A carry trade is borrowing in one currency and investing in another. The profit to be made is the difference between interest rates or the potential gain.
For banks, the classical example is Japan, who was the king of carry trades woth $1 trillion, until the 2008 crash, when the trades began to unwind due to the lowering of interest rates in Europe, America and the UK. Banks would borrow in Japanese Yen, which came with a low interest rate and then lend this money in currencies that attracted a higher interest rate (such as the UK or another OECD nation). So the profit would be classical banking, or the difference between borrowing at 1% and lending at 6 or 7%.
For individuals a carry trade is using the entire limit of a 0% credit card before the interest is applied and investing it in either a saving account (little to no risk, but low rate) or if one wishes a higher, but riskier, return the stock or derivatives market.

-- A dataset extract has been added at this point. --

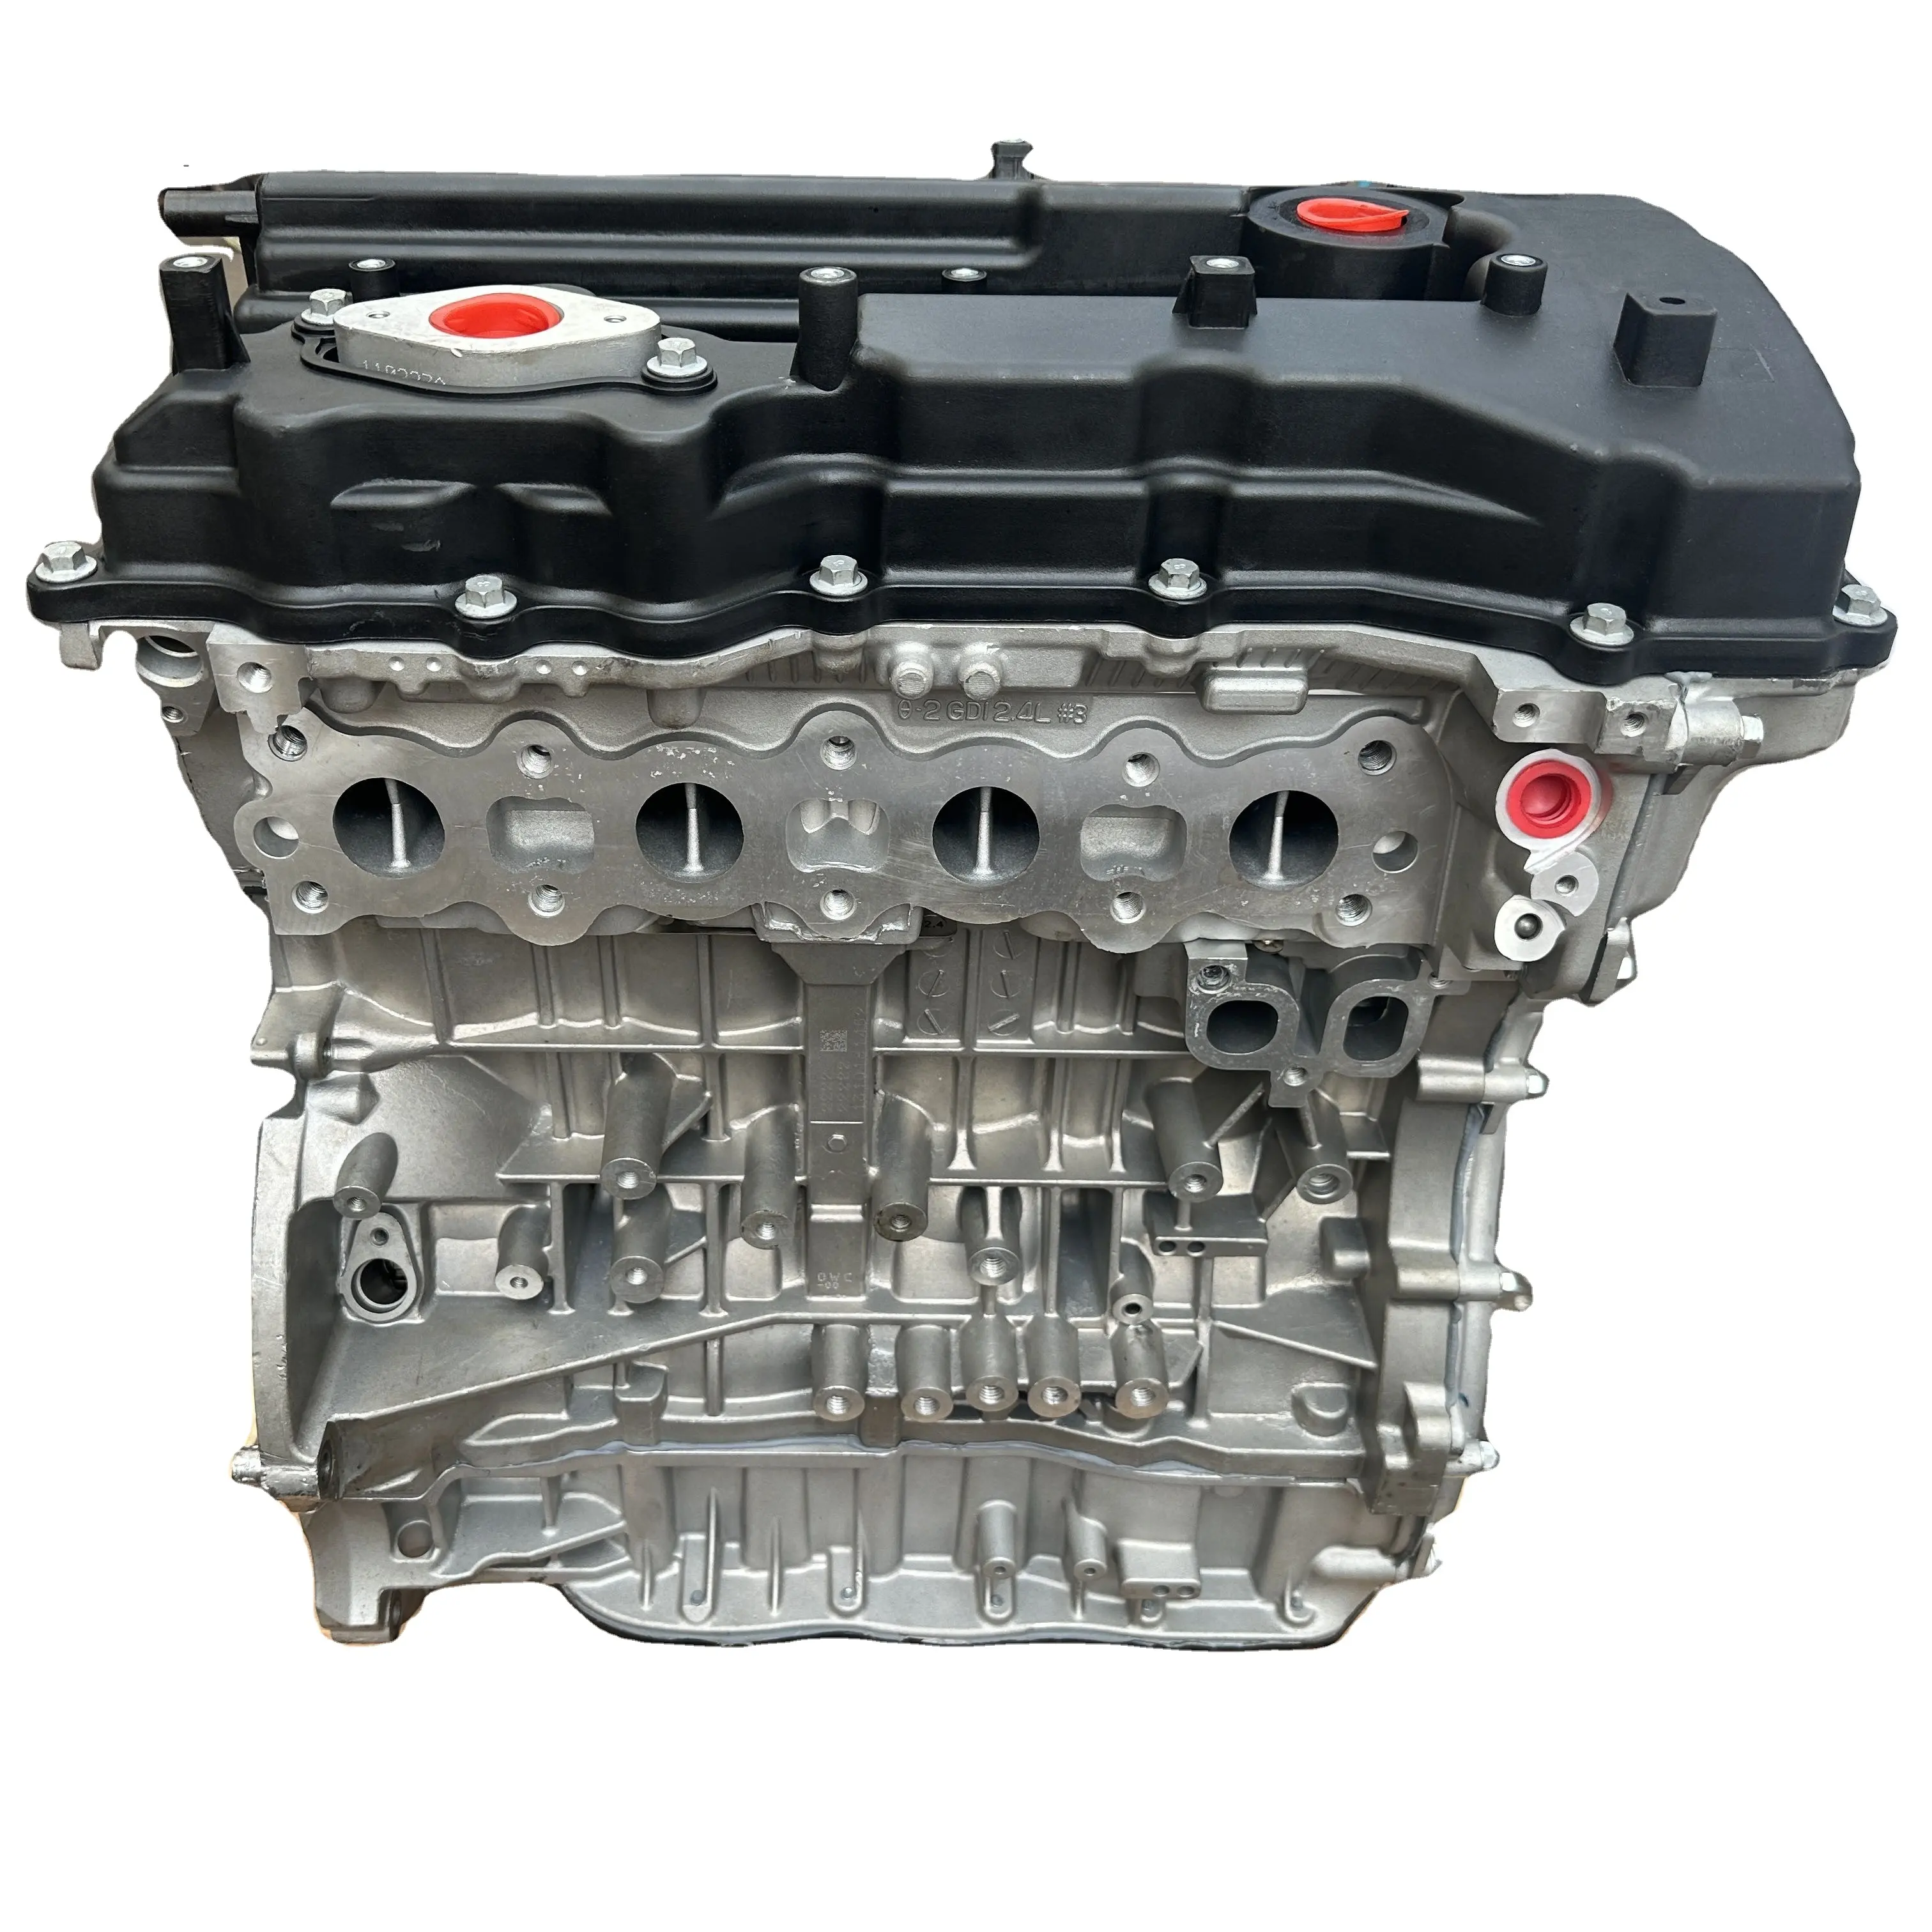 Novo Motor G4KJ para HYUNDAI TOHENS Coupe 2.4.L Marca de Alta Qualidade 12 Caixa De Madeira I20 A Gás/Gasolina Motor 1.6l Motor Japonês 1.6

A subset of the carry trade exists in the EU, which while it has the same currency has different yields for its bonds. In 2011 the ECB began one of its many LTRO (Long Term Refinancing Operations), which allowed Europe's banks to collectively borrow trillions, the collateral for these loans was of course European government debt, but the ECB was not quite the ultra conservative Bundesbank as it accepted and did not discount or discriminate between member states . The banks were able to use the bonds of Italy, Greece, Spain, Portugal, Ireland etc to get 100% of their face value, which then they used to buy... more bonds of the same. why? Aside from the national pressure the banking sectors in each country probably came under to buy 'our' debt, the capitalist insentive was the carry trade : the interest rate spread (profit) between the cost of borrowing from the ECB at 1% (the carry) to these bonds (Italy 5%, Greece 20%).